Prices set by the market allow this amazing phenomenon to happen.  It stimulates the creative juices.  It makes competitors think.  And innovate.  Providing incentive.  To improve on an existing idea.  Or replace an existing idea with a better idea.  All the while being guided by market prices.  Which tell them the current value a buyer places on a product or service.  And the final cost they have to remain below to bring their innovation to market.  If they do both they will gain market share.  By giving customers better value at a lower price.  And they will make themselves rich in the process.  The proverbial win-win of the free market.  The hallmark of capitalism.  Incentive and competition.

With Crony Capitalism Government Increases the Cost of Competition, Squelching any Incentive to Innovate

Free market prices are essential for free market capitalism.  If the market is not free to determine prices this amazing phenomenon will not occur.  Consumers will not get more value for less.  And business people and entrepreneurs will not take chances and create more value for less.  Because if there are outside forces influencing prices these forces also create uncertainty.  They throw unknowns into business calculations.  Things businesses have no power over.  Which makes them cautious.  And less prone to risk-taking.

We can see examples of this every time there is unrest in the Middle East.  Which tends to threaten the oil supply.  Everything in a modern economy uses energy.  Nothing comes to market without energy.  So anything that affects energy prices affects all prices.  Another example is government’s regulatory cost.  Such as Obamacare.  Which has caused great uncertainty.  And a lot of unknowns.  For entrepreneurs.  And business owners.  Who don’t know the ultimate regulatory compliance cost.  Freezing hiring.  And business expansion.  Extending the Great Recession.  Causing the economy to spit and sputter along.  Like an engine that just won’t restart.

Typically when government over regulates it’s to reward their friends and cronies.  Hence the term crony capitalism.  Which isn’t even capitalism.  Crony capitalism is about getting rich by who you know in government.  Not by creating more value for less.  The government fixes the game by keeping prices high for their cronies.  By enacting regulations that increase the cost of competition.  Squelching any incentive to innovate.  Leaving consumers stuck paying more for less value.

When Government Interfered with Market Prices they gave us the Great Depression and the Great Recession

Free market prices assign value.  Allocate scarce resources that have alternative uses.  Provide incentive to innovate.  Encourage competition.  Incentive and competition.  The hallmark of capitalism.  Which ultimately provides consumers with more value at lower prices.  And it does all of this automatically.  As long as government doesn’t interfere with this automatic pricing mechanism.

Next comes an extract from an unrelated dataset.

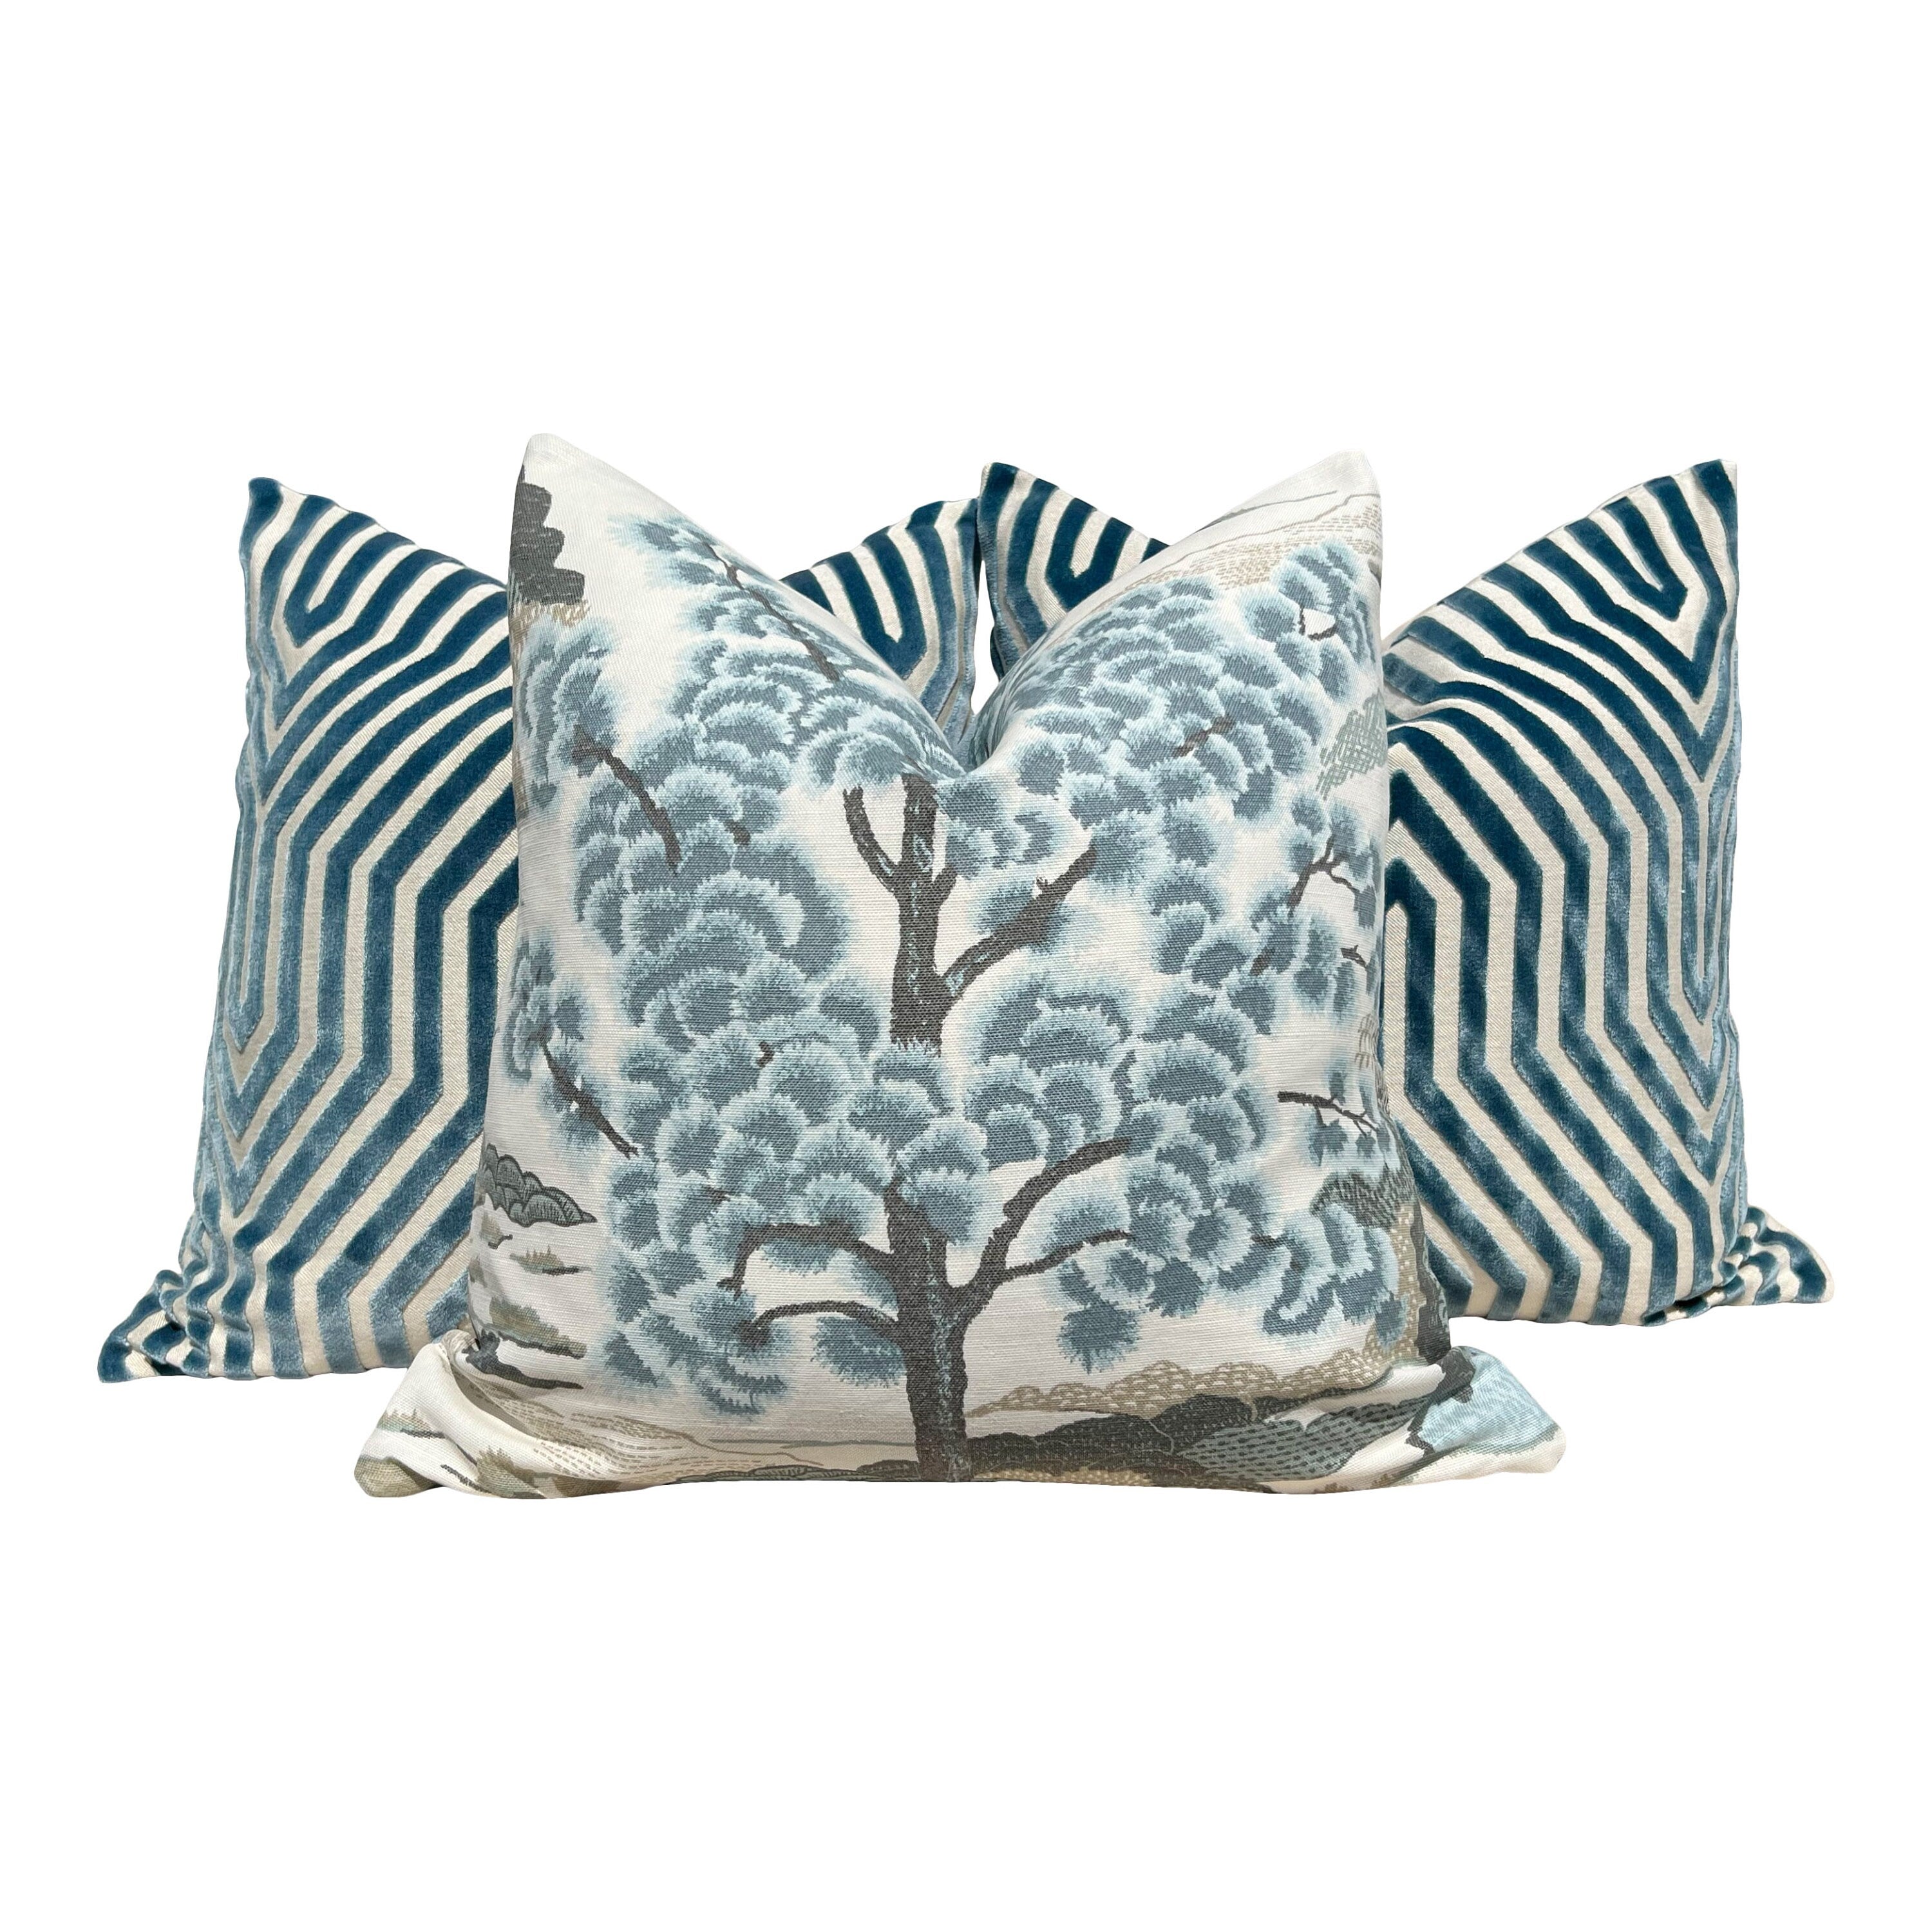 Designer Daintree Decorative Pillow in Aqua. Accent Botanical Pillow cover in Aqua Blue, Euro Sham Cotton Linen Cushion Case with Zipper

But government often does.  They interfere with this automatic pricing mechanism to reward friends and cronies far too often.  When they do the economy suffers.  And often goes into recession.  And when they really interfere, they cause Great Depressions.  And Great Recessions.

Government regulatory policy turned an ordinary recession into the Great Depression.  One of their greatest anti-business regulations being the Smoot–Hawley Tariff Act.  Which launched an all out trade war.  Killing the economy.  And government regulatory policy in the mortgage industry caused the Great Recession.    First by creating a housing bubble by forcing lenders to qualify the unqualified.  And then enabling this bad policy on a grand scale by having Fannie Mae and Freddie Mac buy the resulting bad subprime mortgages.  Which removed all risk from the lenders so they kept on approving bad subprime mortgages.

Say what you will about the Great Depression and the Great Recession.  But what you can’t say is that they were market failures.  Because they weren’t.  Both were government-made.  Because it was government that interfered with market prices.  Not the free market.  And the consumers paid the price for their crony capitalism.